# Given material:
- Opening Delimiter -

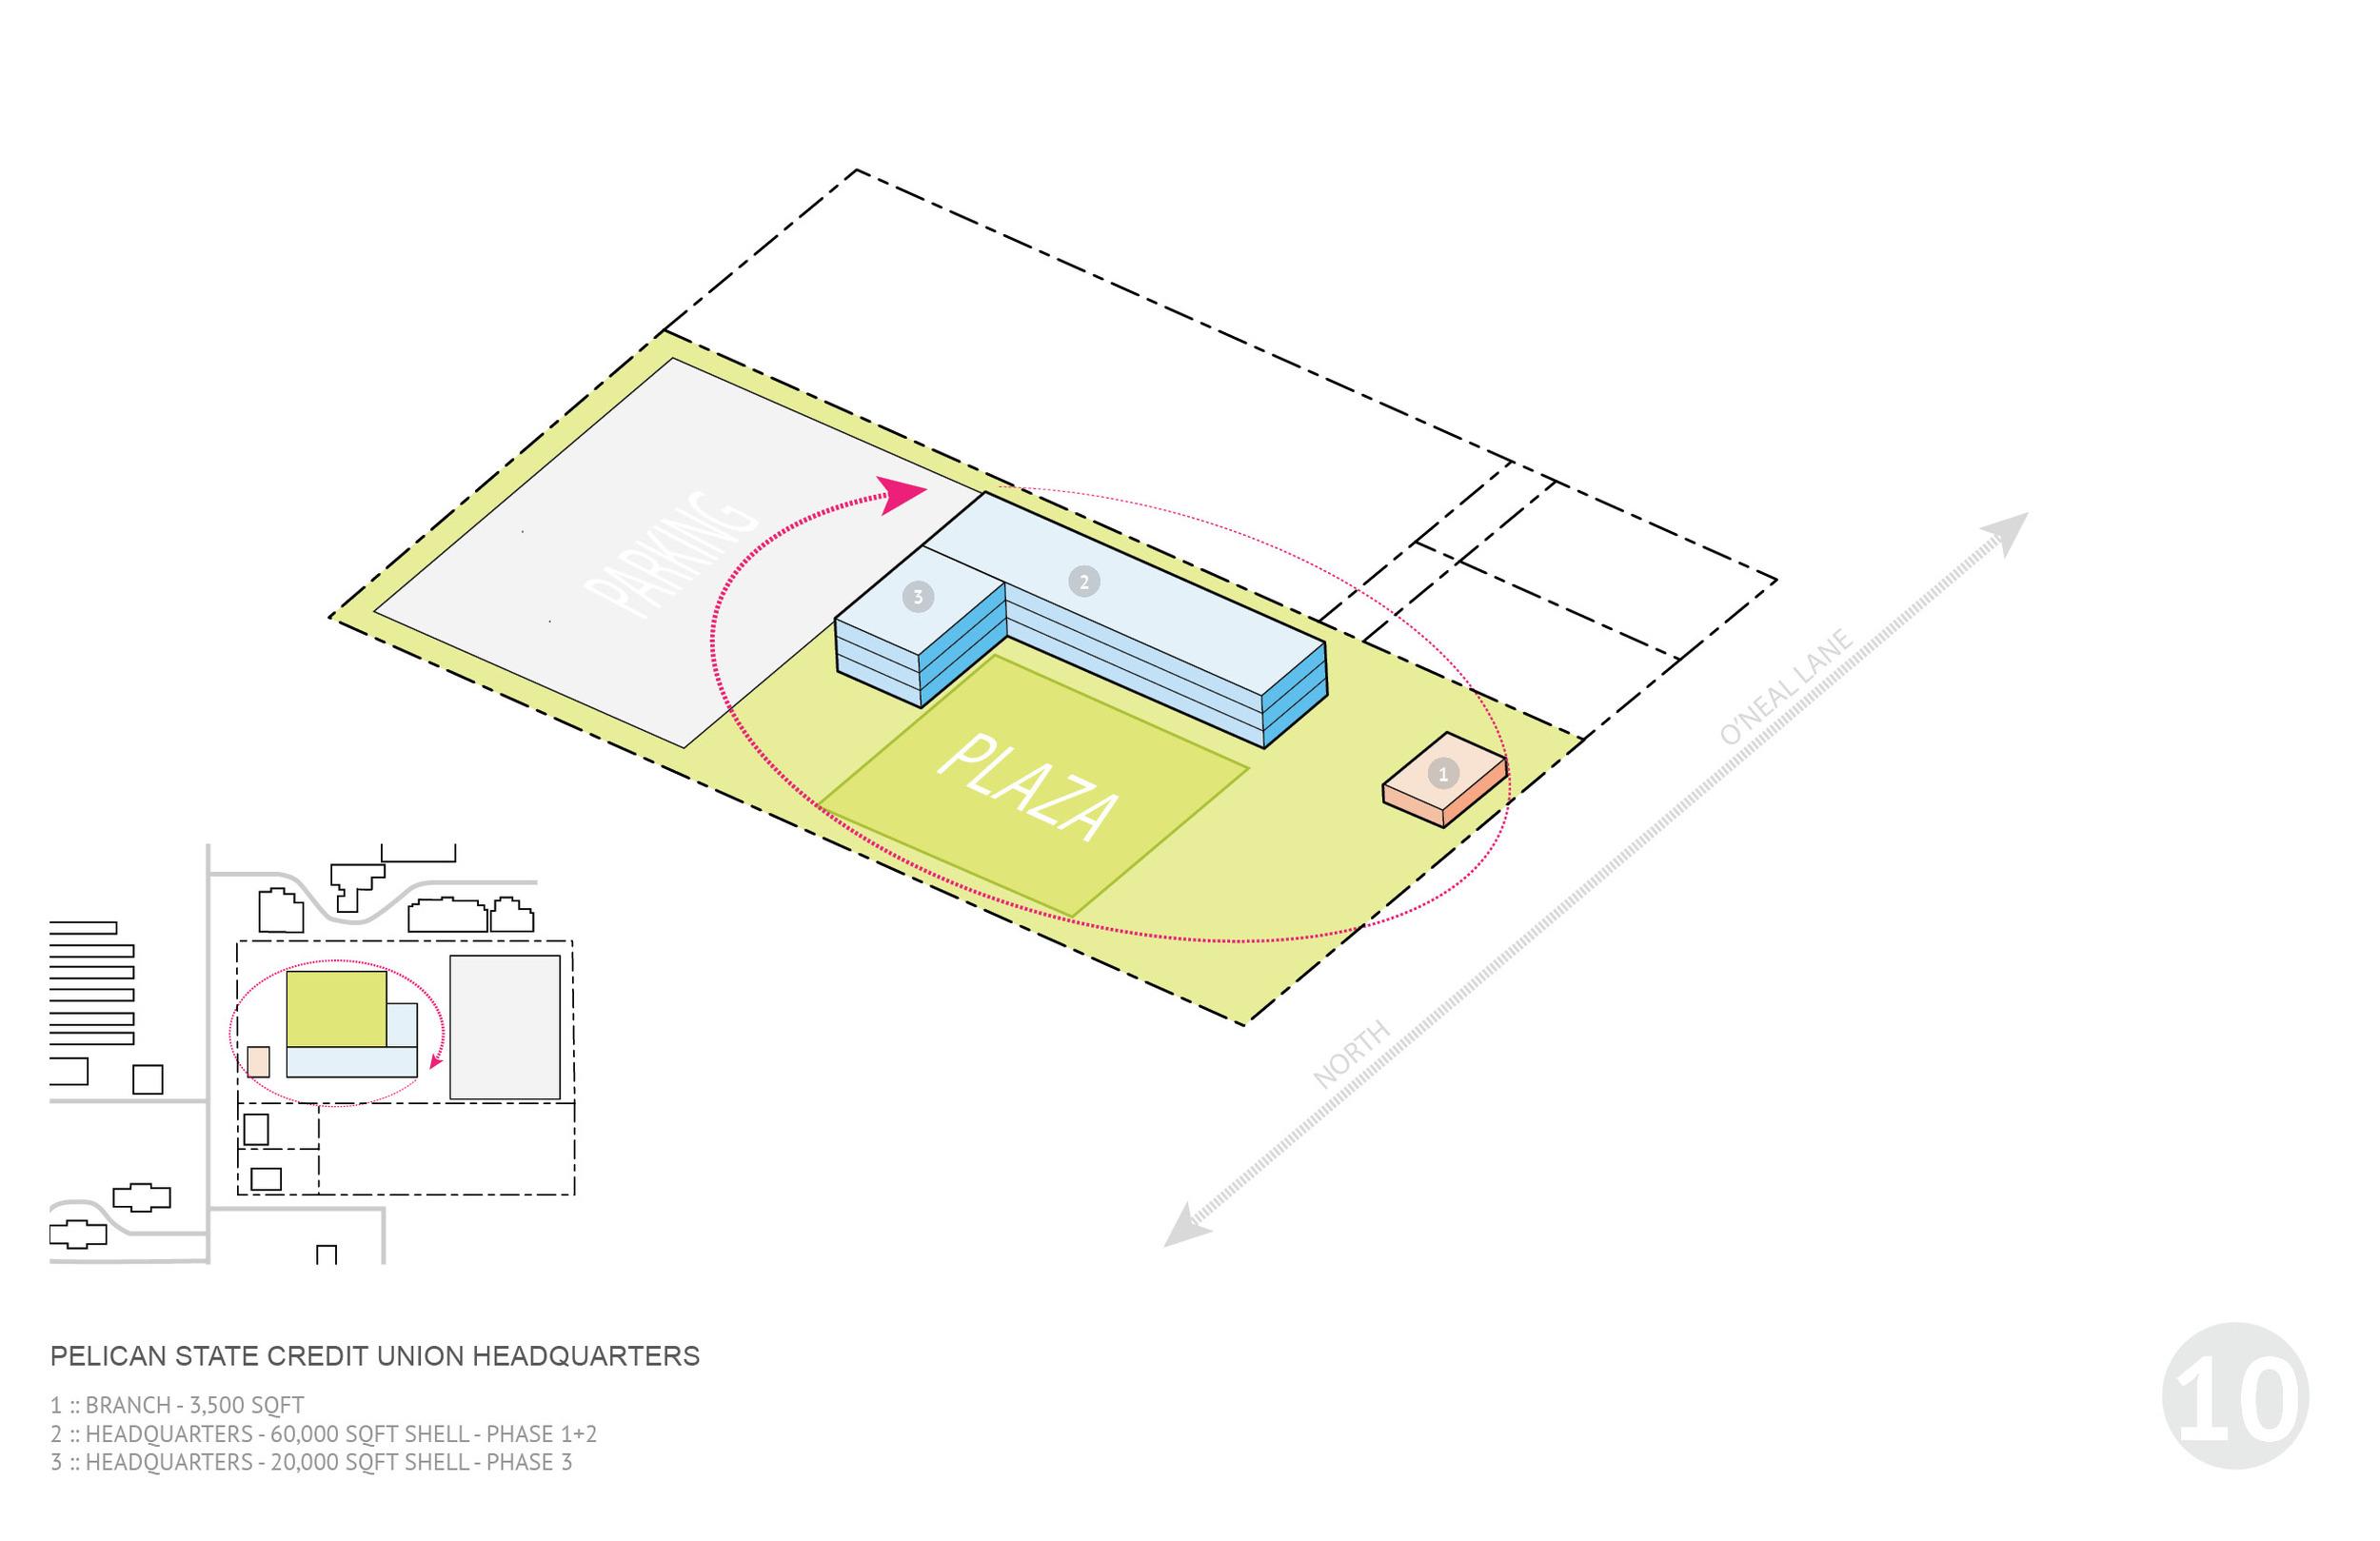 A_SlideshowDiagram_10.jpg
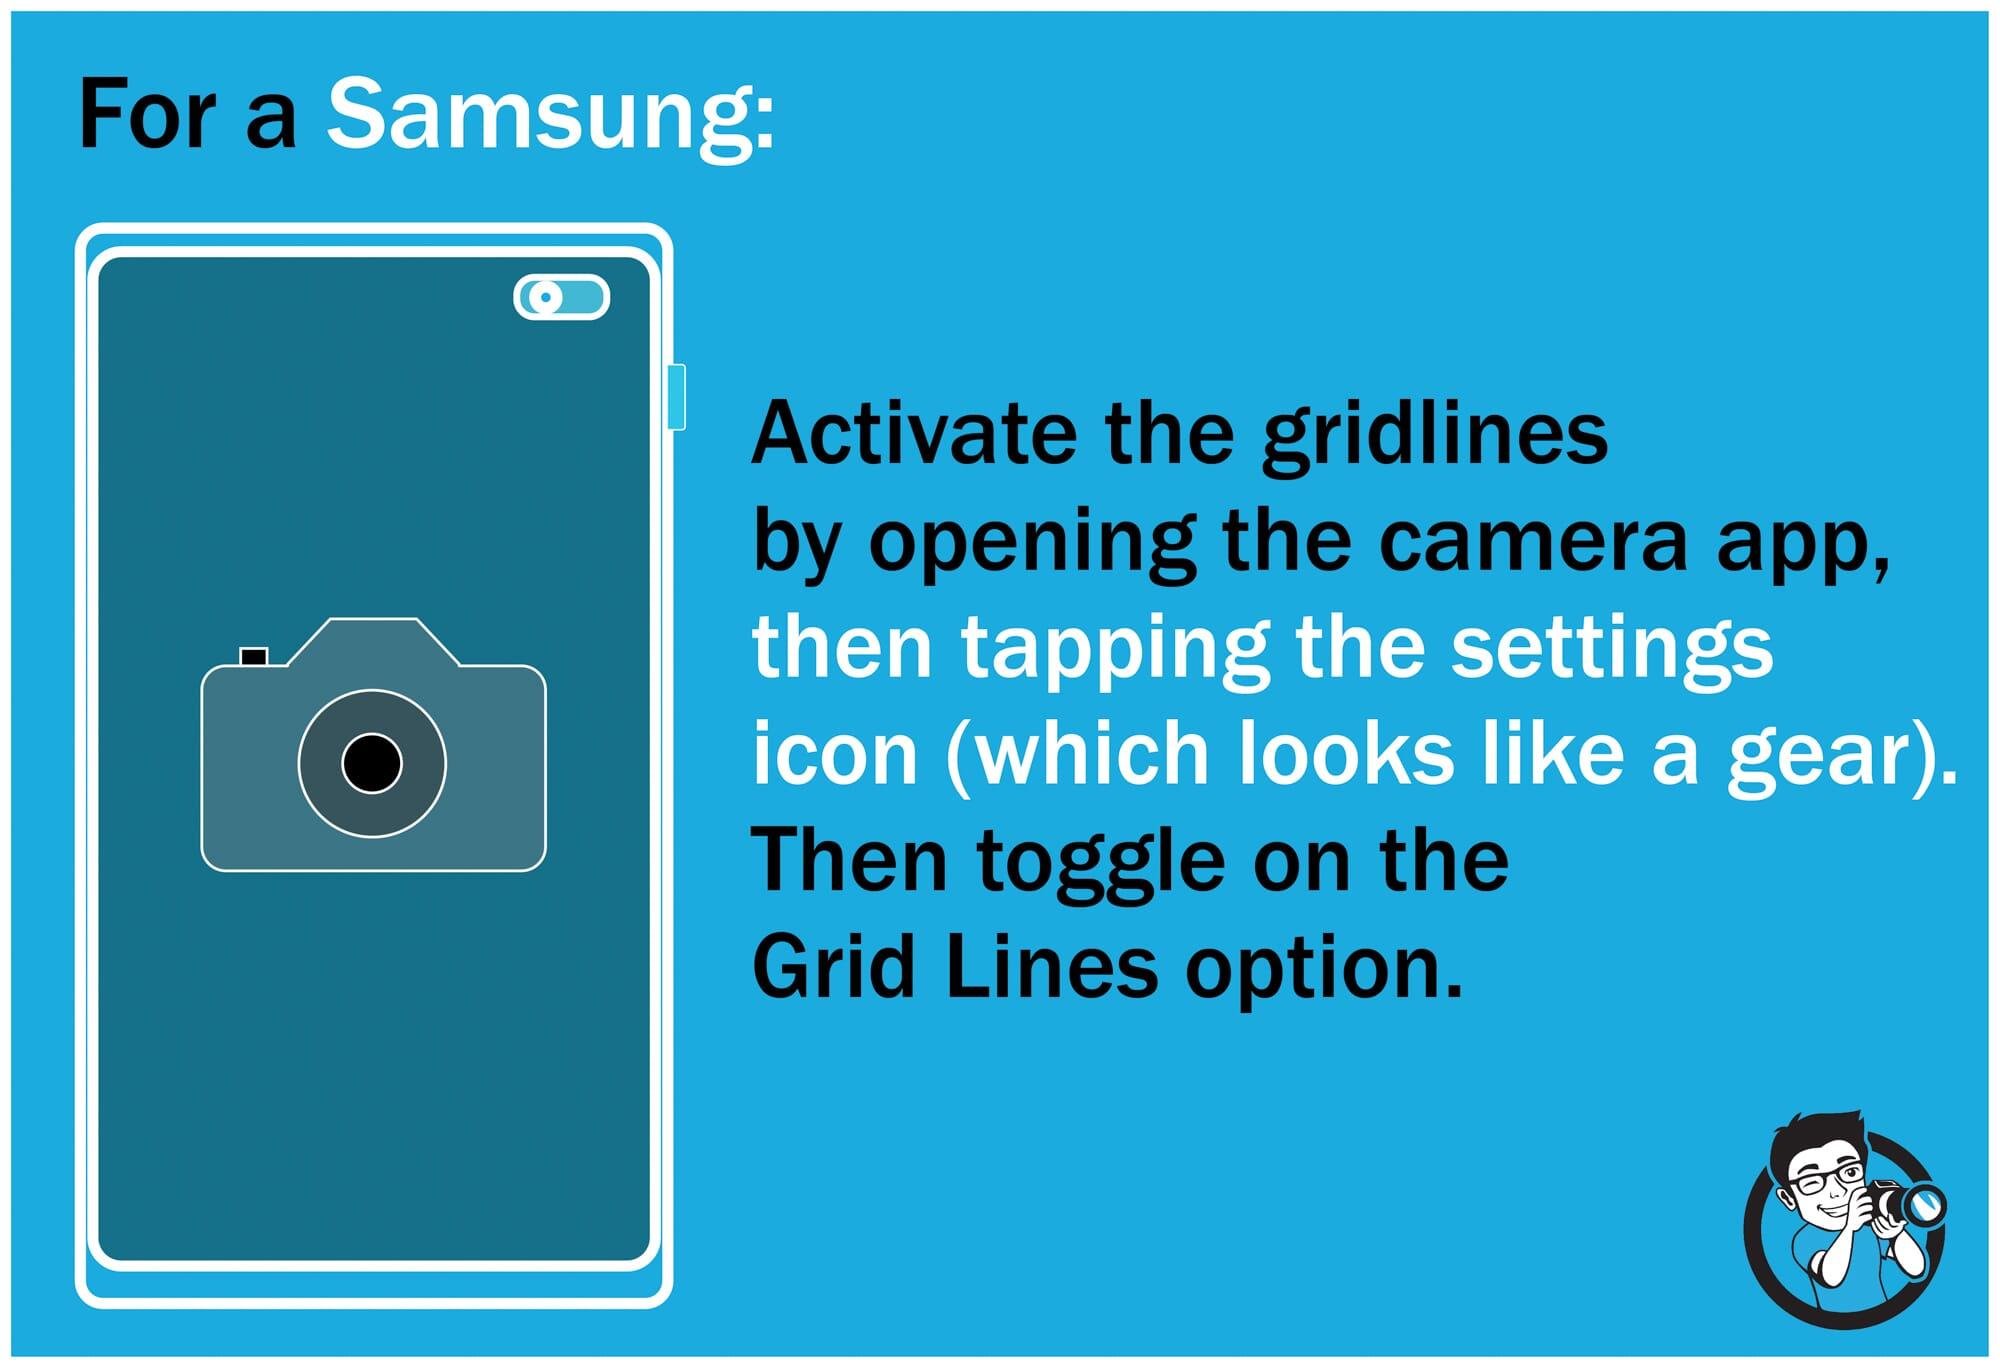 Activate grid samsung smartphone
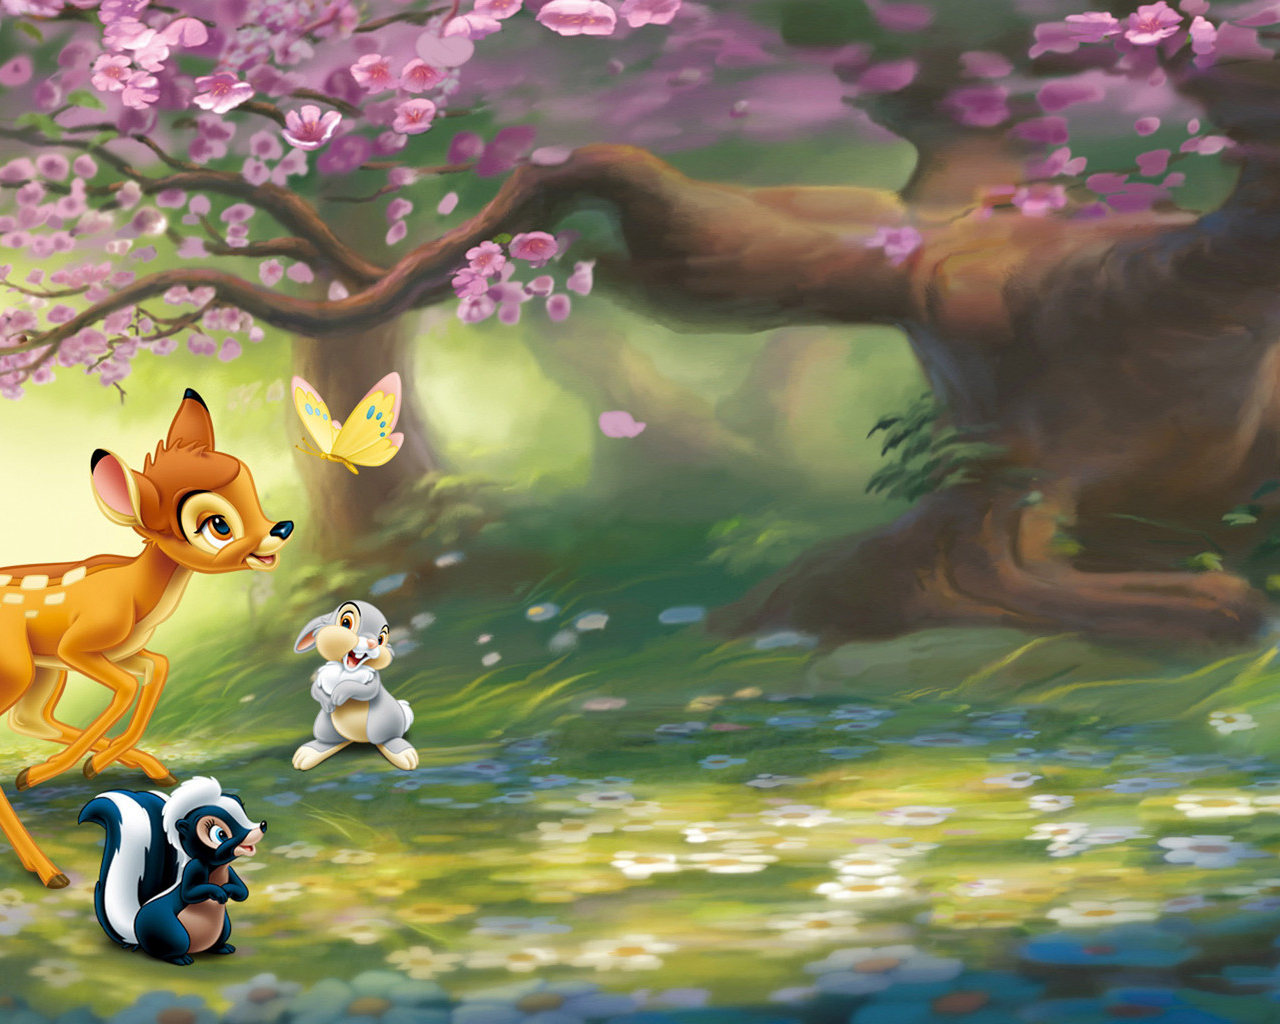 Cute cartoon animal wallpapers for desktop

- Closing Delimiter -

# What is required:
Reproduce the lines from the one with "Activate grid samsung smartphone" through the end of the data, keeping both end lines, adding nothing, and dropping any pictures.

# Exercise answer:
 Activate grid samsung smartphone
 Cute cartoon animal wallpapers for desktop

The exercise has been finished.